The sector might keep growing in revenue as parent enterprises themselves are growing, the highest-value work is migrating, and the most strategic GCCs are becoming more central. But the headcount story and the revenue story will decouple sharply.
A typical 4,000-person banking GCC will likely be a 2,400-to-2,800-person operation by 2028. Routine finance work, basic technology support, basic compliance and KYC will shrink hard. But three areas will grow: data engineering and AI infrastructure, agent governance and observability, and a small but rising population of senior subject-matter experts who supervise the agents and own the judgement calls that remain.
The GCCs that get this right will own outcomes, hold decision rights in India, and feed people into the parent's C-suite. The ones that do not will quietly shrink, function by function.
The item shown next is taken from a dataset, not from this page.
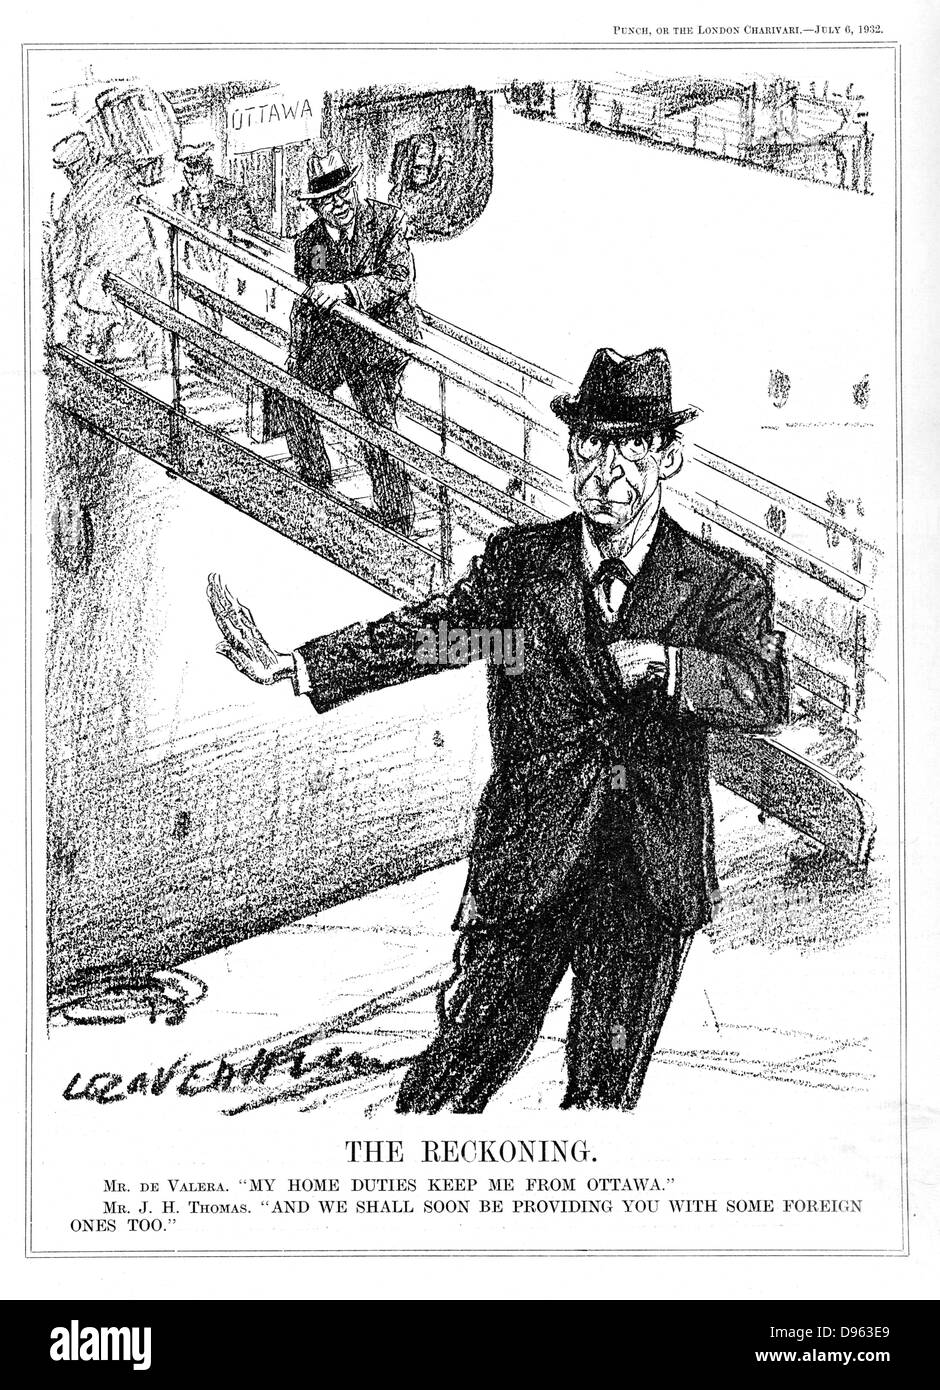 Eamon De Valera (1882-1975) American-Born Irish Staatsmann, sinken die Möglichkeit, die Konferenz von Ottawa über tarriffs zu sorgen, weil Oh seine Pflichten zu Hause in der Irish Free State, wo er gerade an die Macht gekommen war. Karikatur von L Ravenhill von 'Lochen' (London, 6. Juli 1932). Stockfoto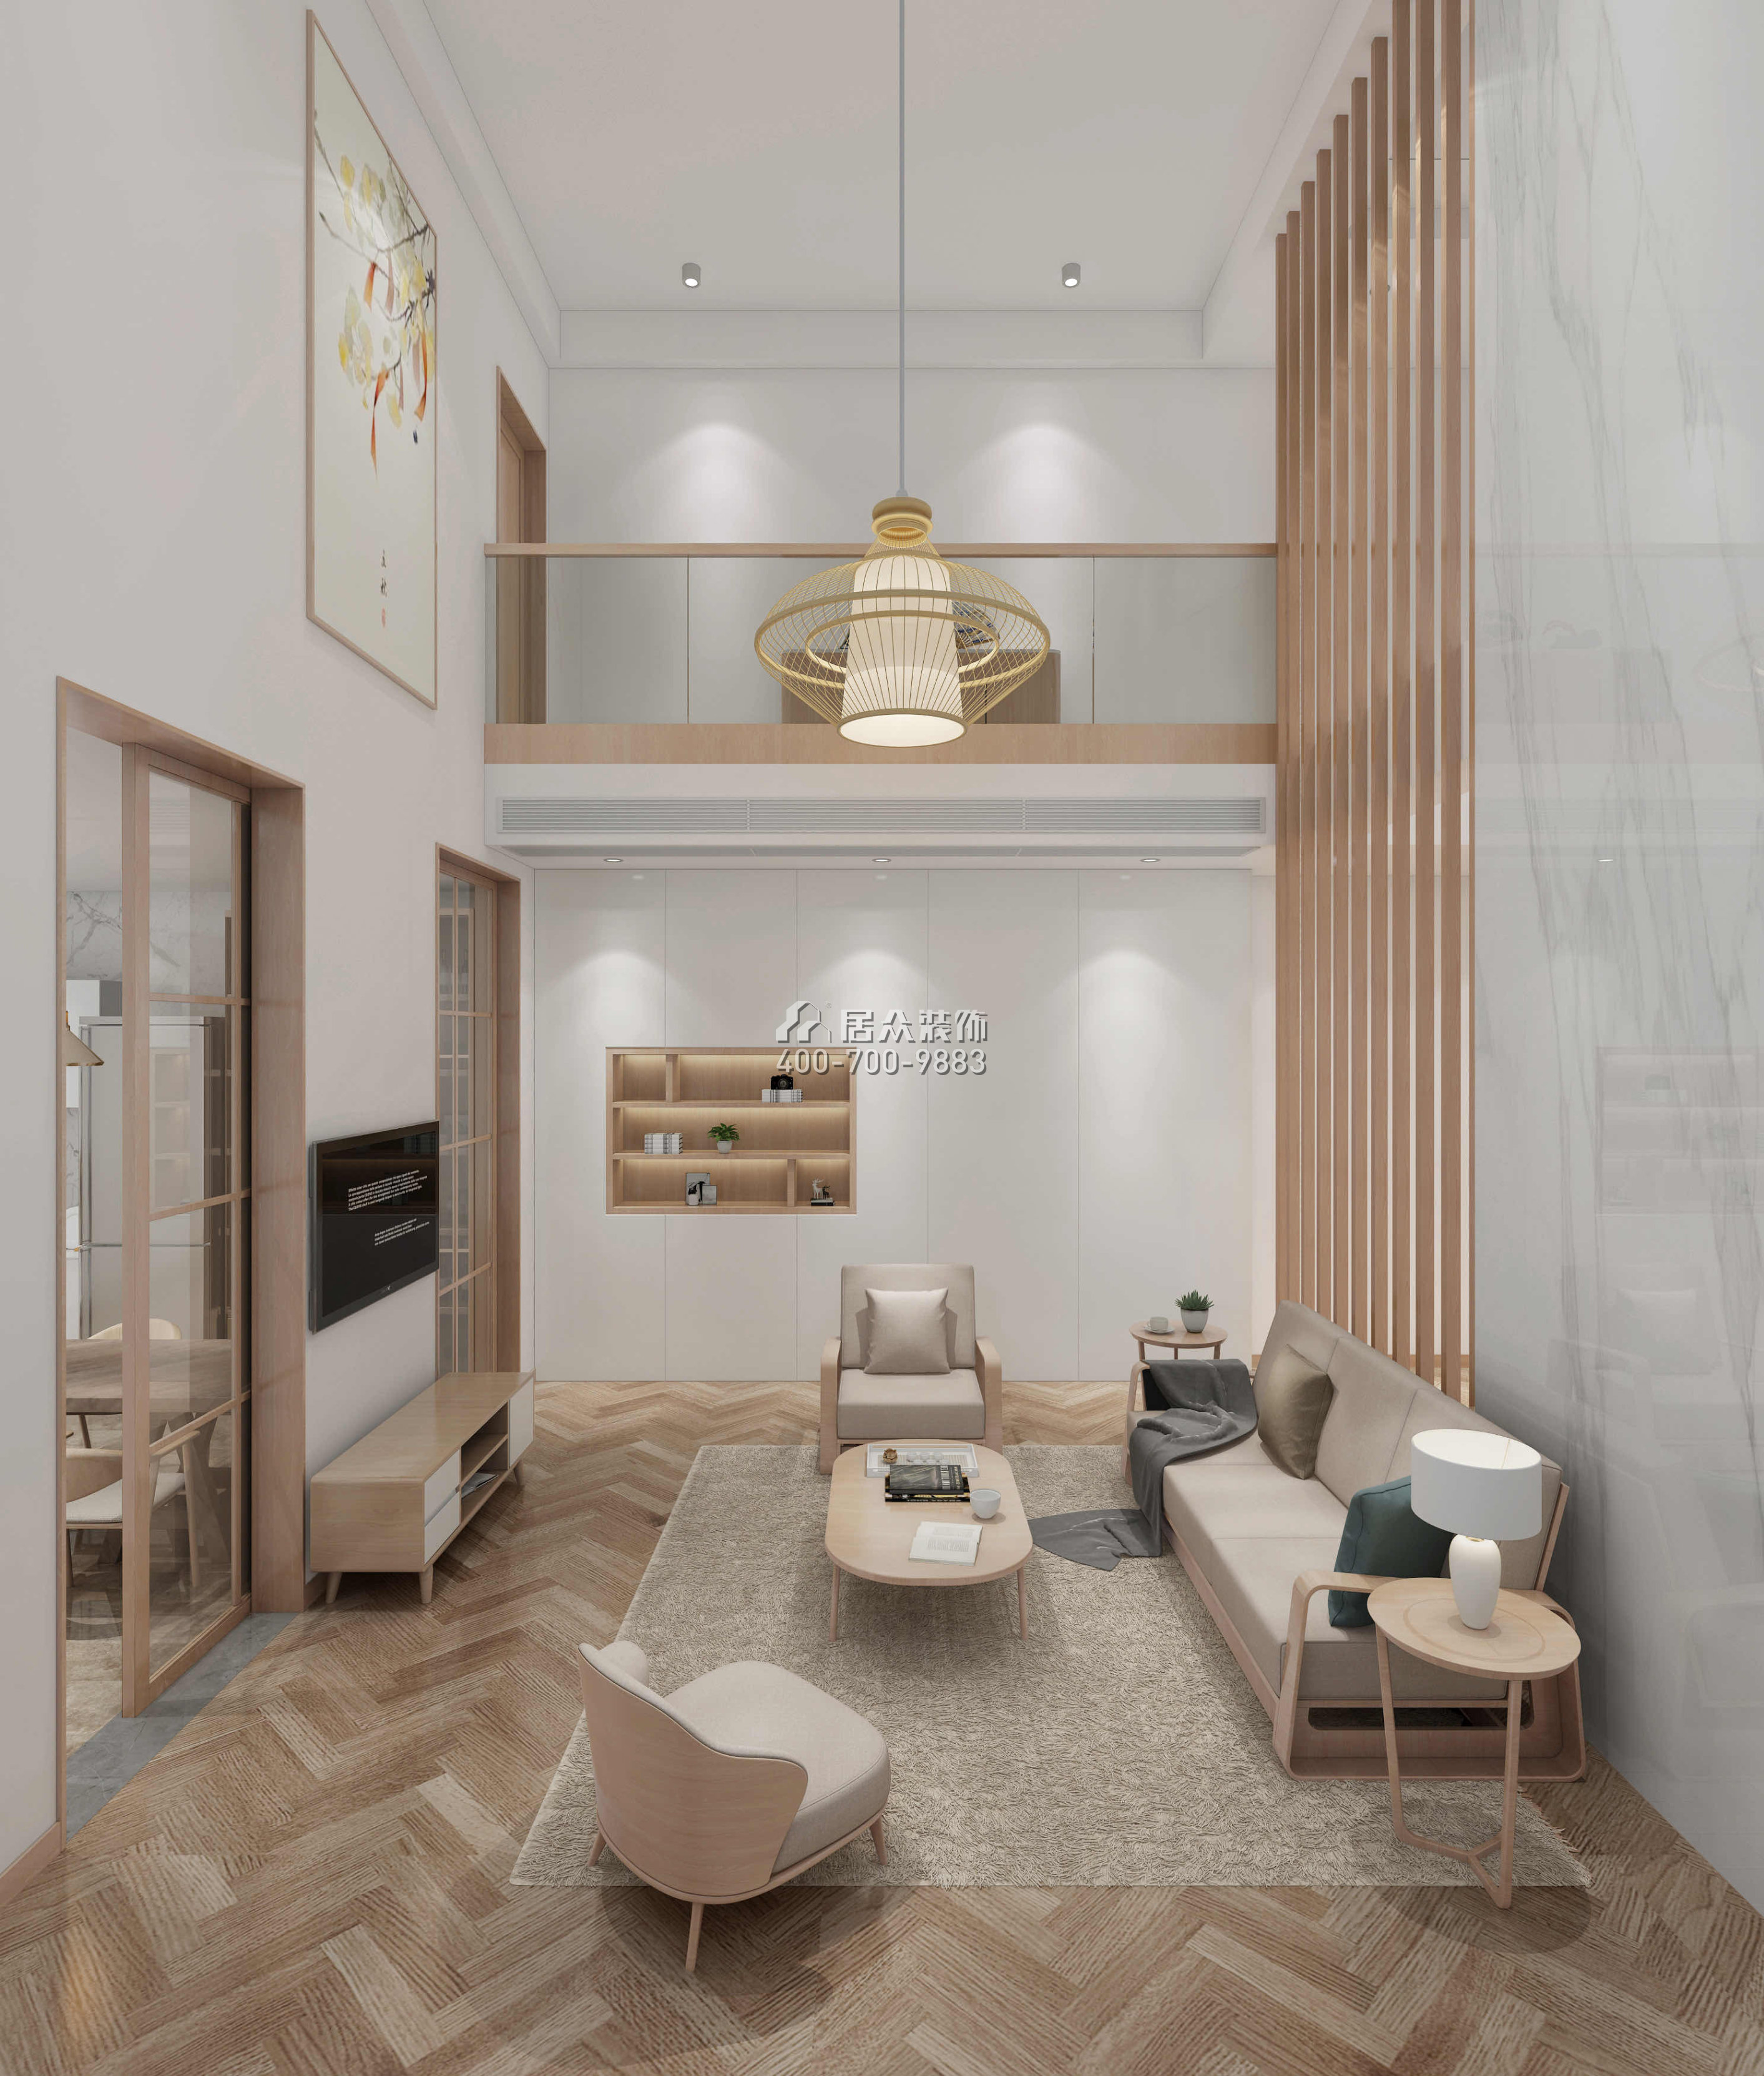 中信紅樹山330平方米現代簡約風格別墅戶型客廳裝修效果圖

Zinnov and Indiaspora's March 2026 analysis found 55% of India's GCC work in the bottom two tiers of their four-tier classification — Commodities and Procedures — directly exposed to AI displacement. The question now is how fast these can move to the other 45%, which the report calls Grey Hair and Rocket Science.
The Cloud Next signal is less about Google than the moment. The architecture of enterprise AI is being packaged into something that can be bought off the shelf. The GCC sector has to decide soon whether it wants to shape how that architecture is rolled out inside its parent enterprises, or merely operate someone else's design. The Indian IT services industry made that choice a decade late. The GCCs cannot afford the same mistake.
Dev Chandrasekhar advises corporations on multi-stakeholder narratives related to markets, valuation, governance, and doing-by-design.